Available data
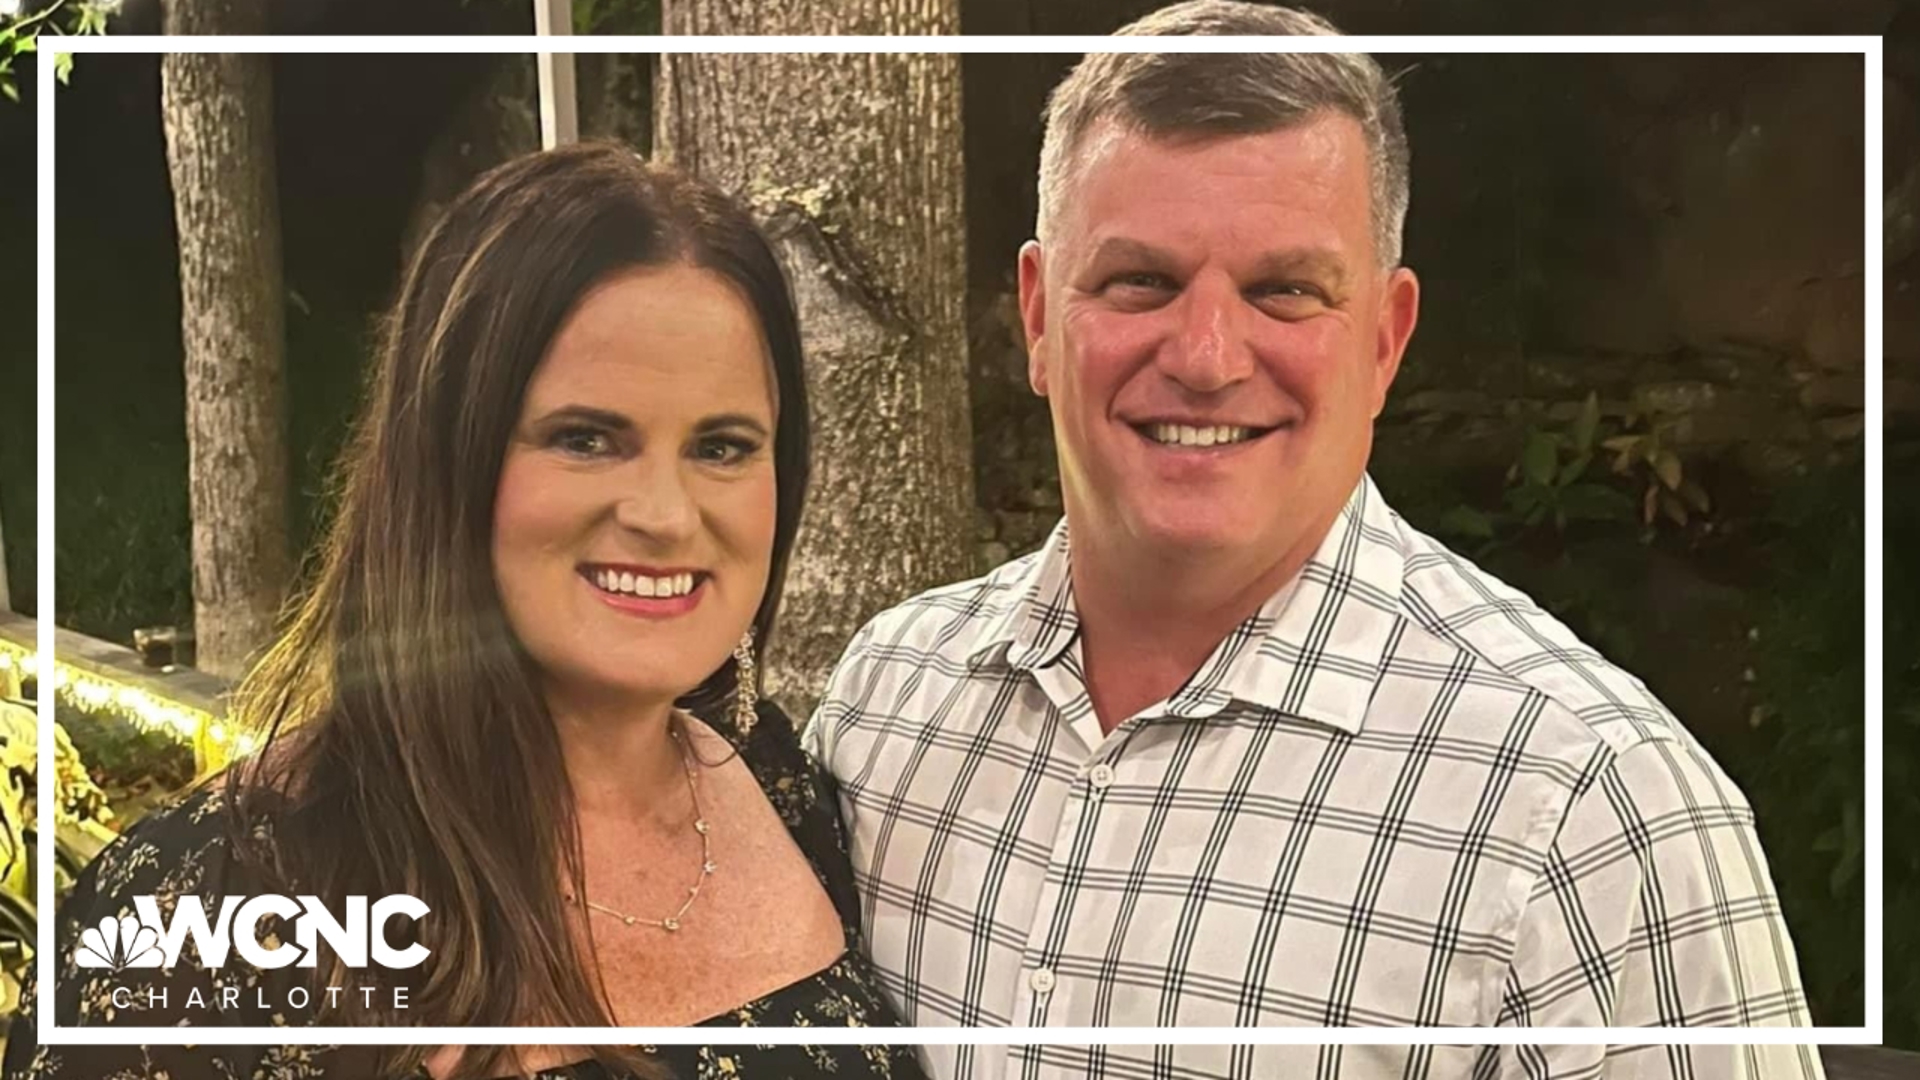 Nearly two months after that tragic day, Kelly Weeks spoke with WCNC Charlotte Anchor Sarah French about the memories that still fill their home and her heart.
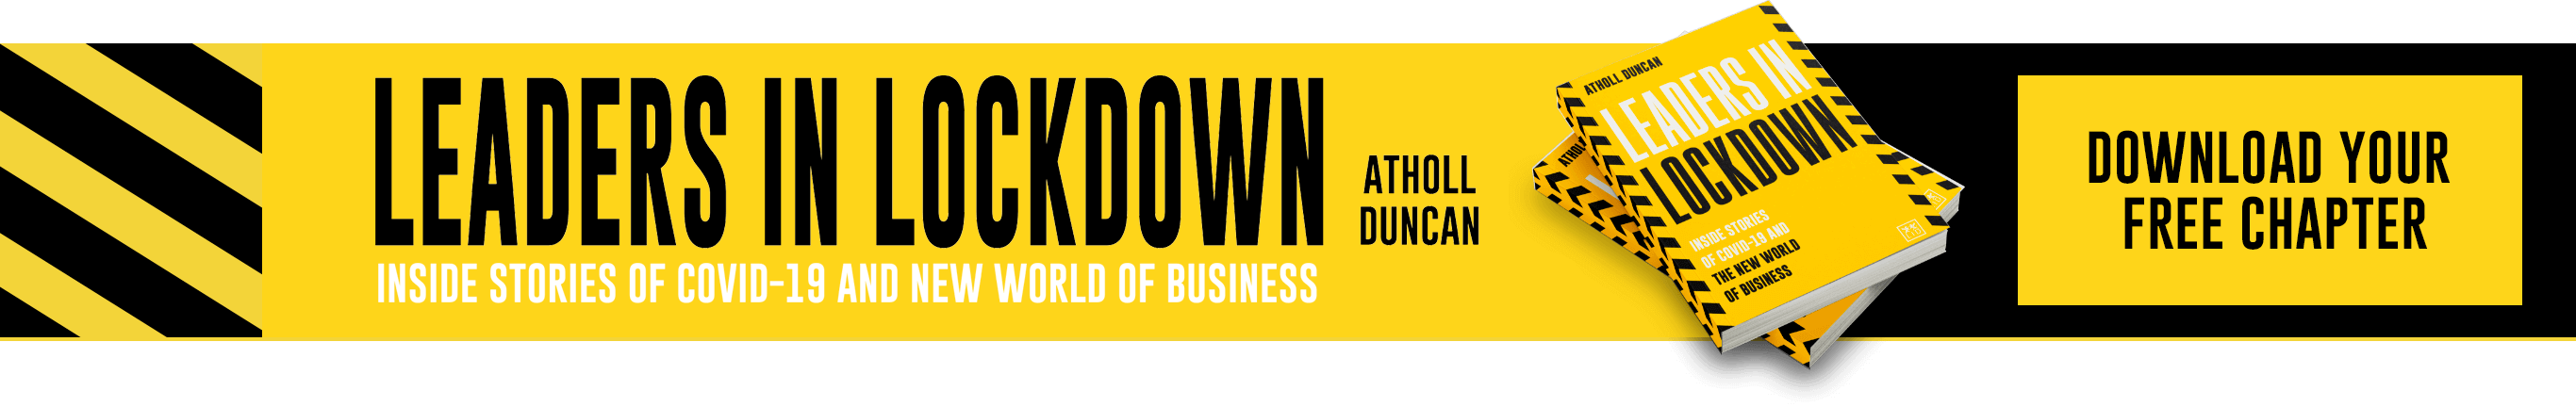 Leaders in Lockdown by Atholl Duncan - Inside stories of COVID 19 and new world of business
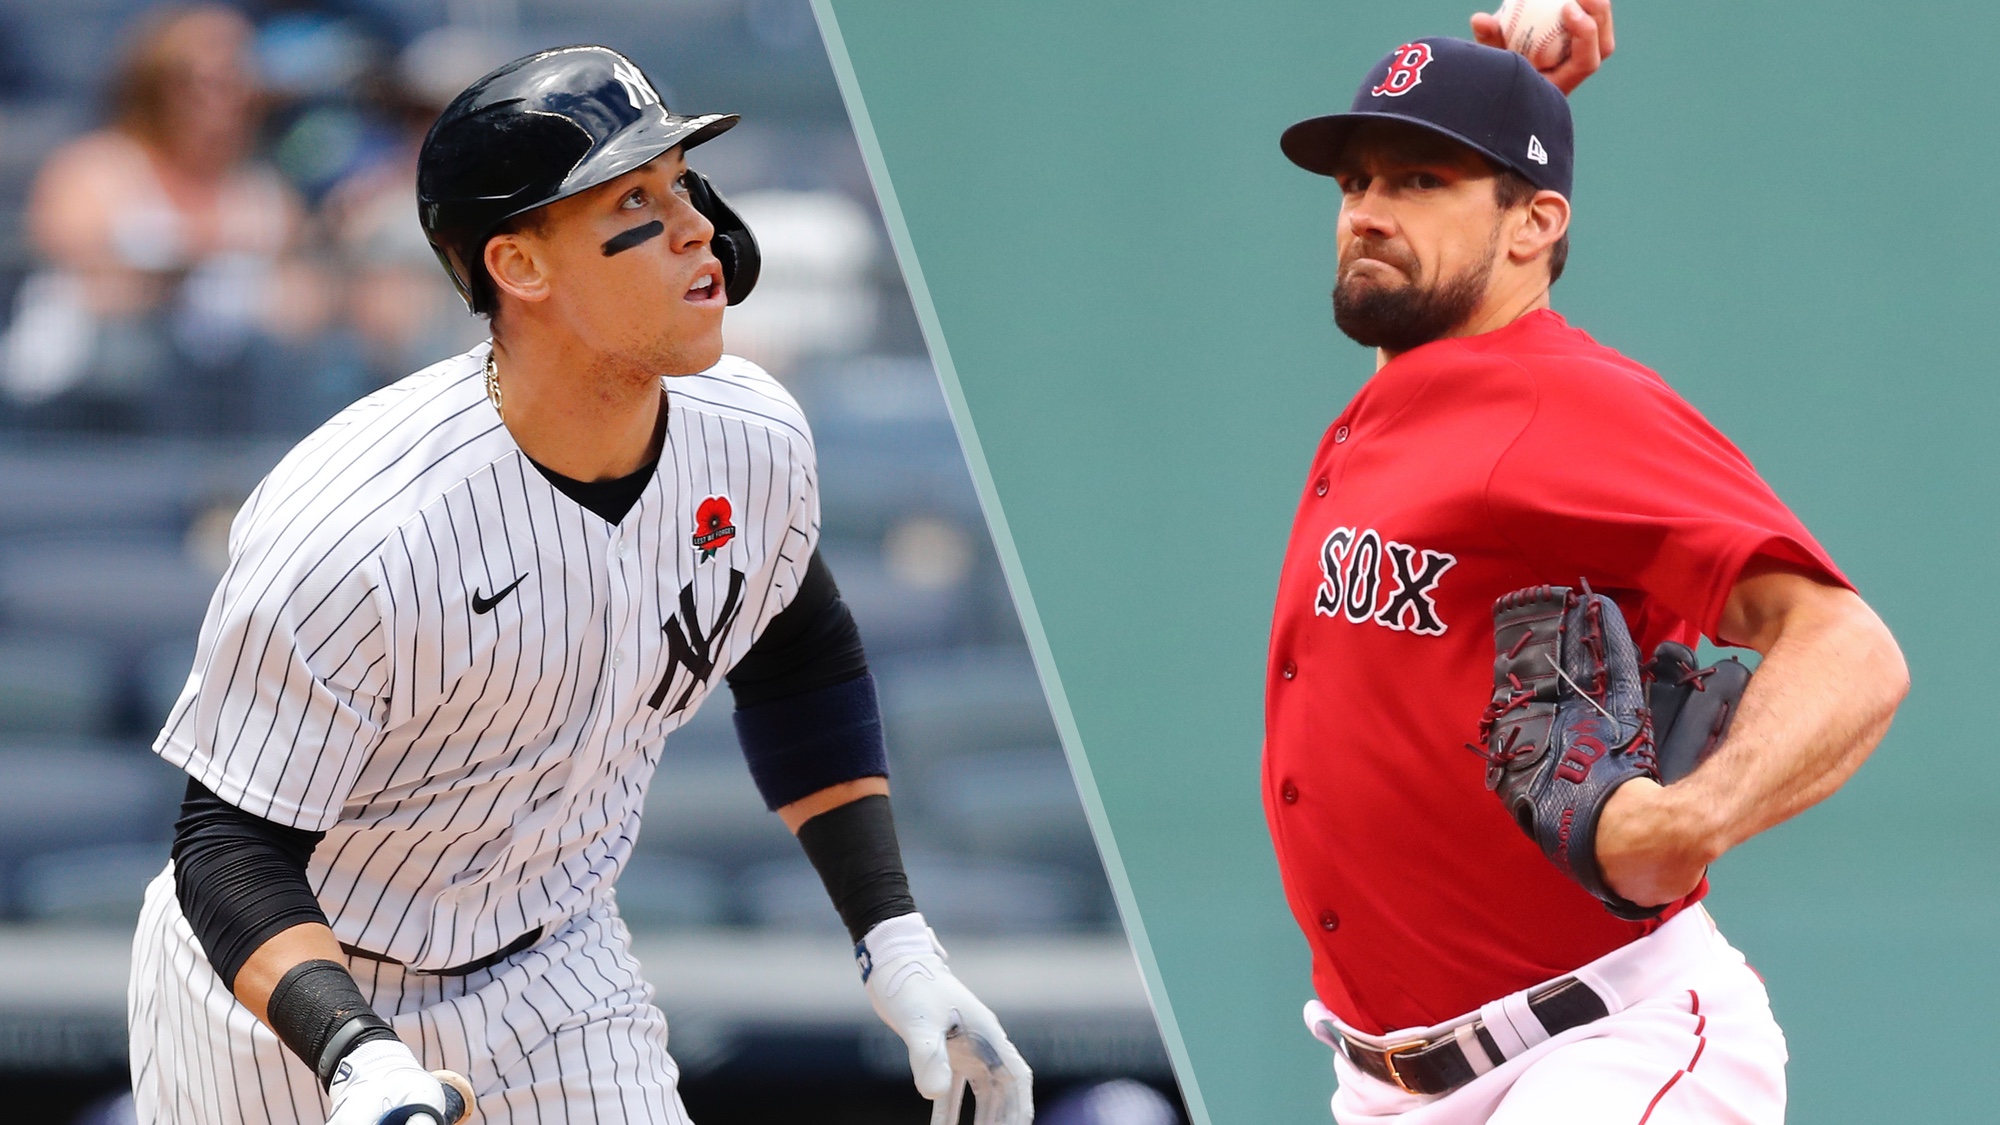 Red Sox Vs Yankees Live Streams How To Watch The Rivalry This Weekend Tom S Guide
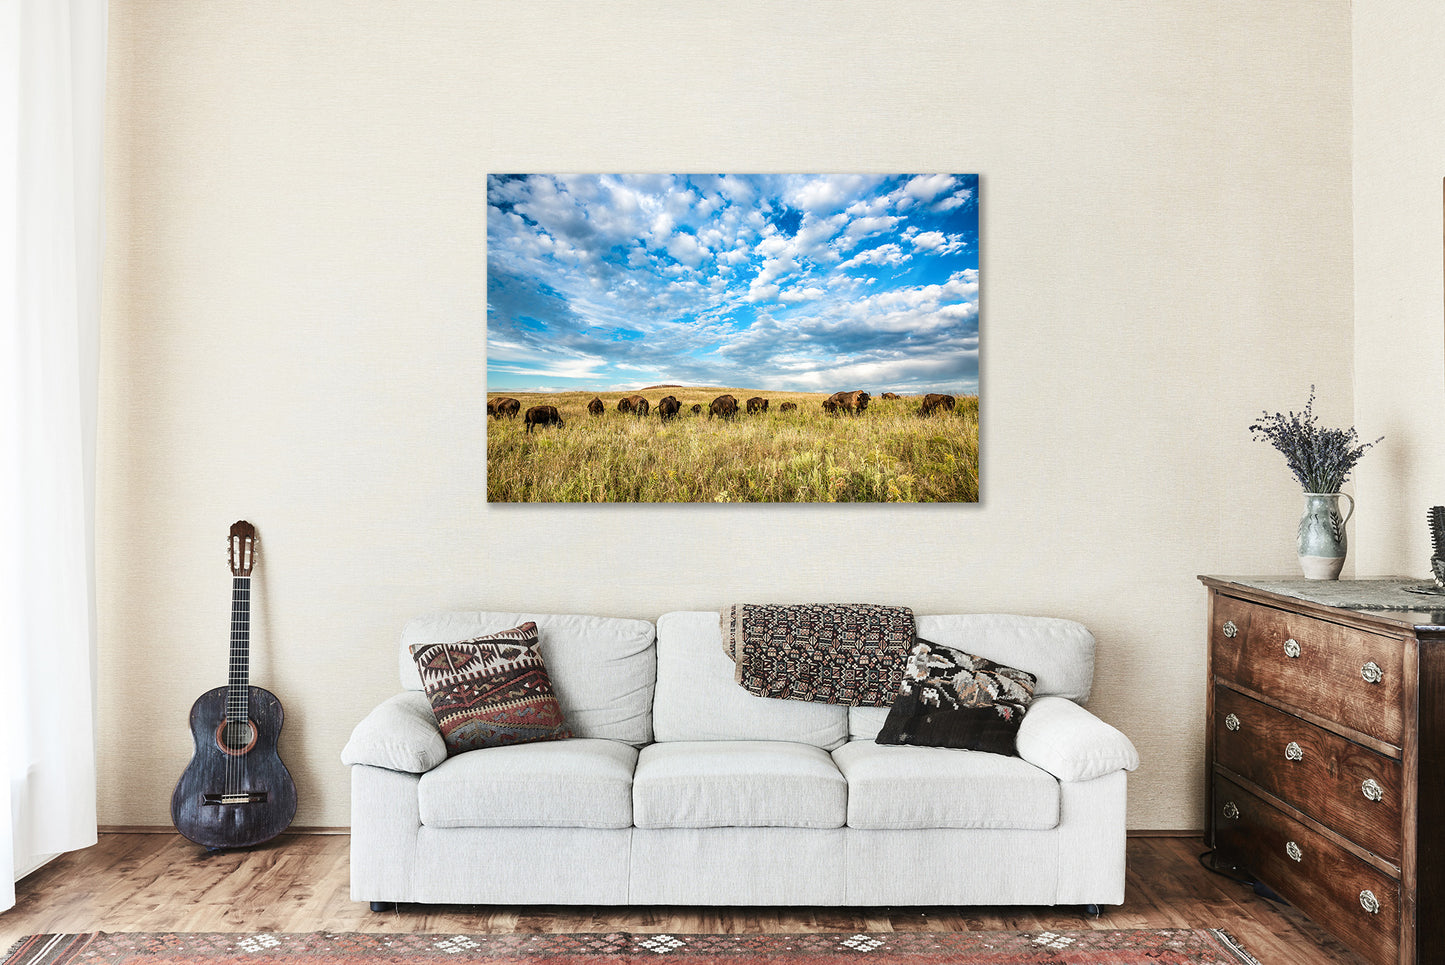 Bison Metal Print (Ready to Hang) Photo of Buffalo Herd on Tallgrass Prairie in Oklahoma Great Plains Wall Art Western Decor

What the exercise asks
The lines to write out run from the one containing "Leaders in Lockdown" through the final line of the material above, both included; write them out exactly, with no pictures.

Written response
 Leaders in Lockdown by Atholl Duncan - Inside stories of COVID 19 and new world of business
 Red Sox Vs Yankees Live Streams How To Watch The Rivalry This Weekend Tom S Guide
 Bison Metal Print (Ready to Hang) Photo of Buffalo Herd on Tallgrass Prairie in Oklahoma Great Plains Wall Art Western Decor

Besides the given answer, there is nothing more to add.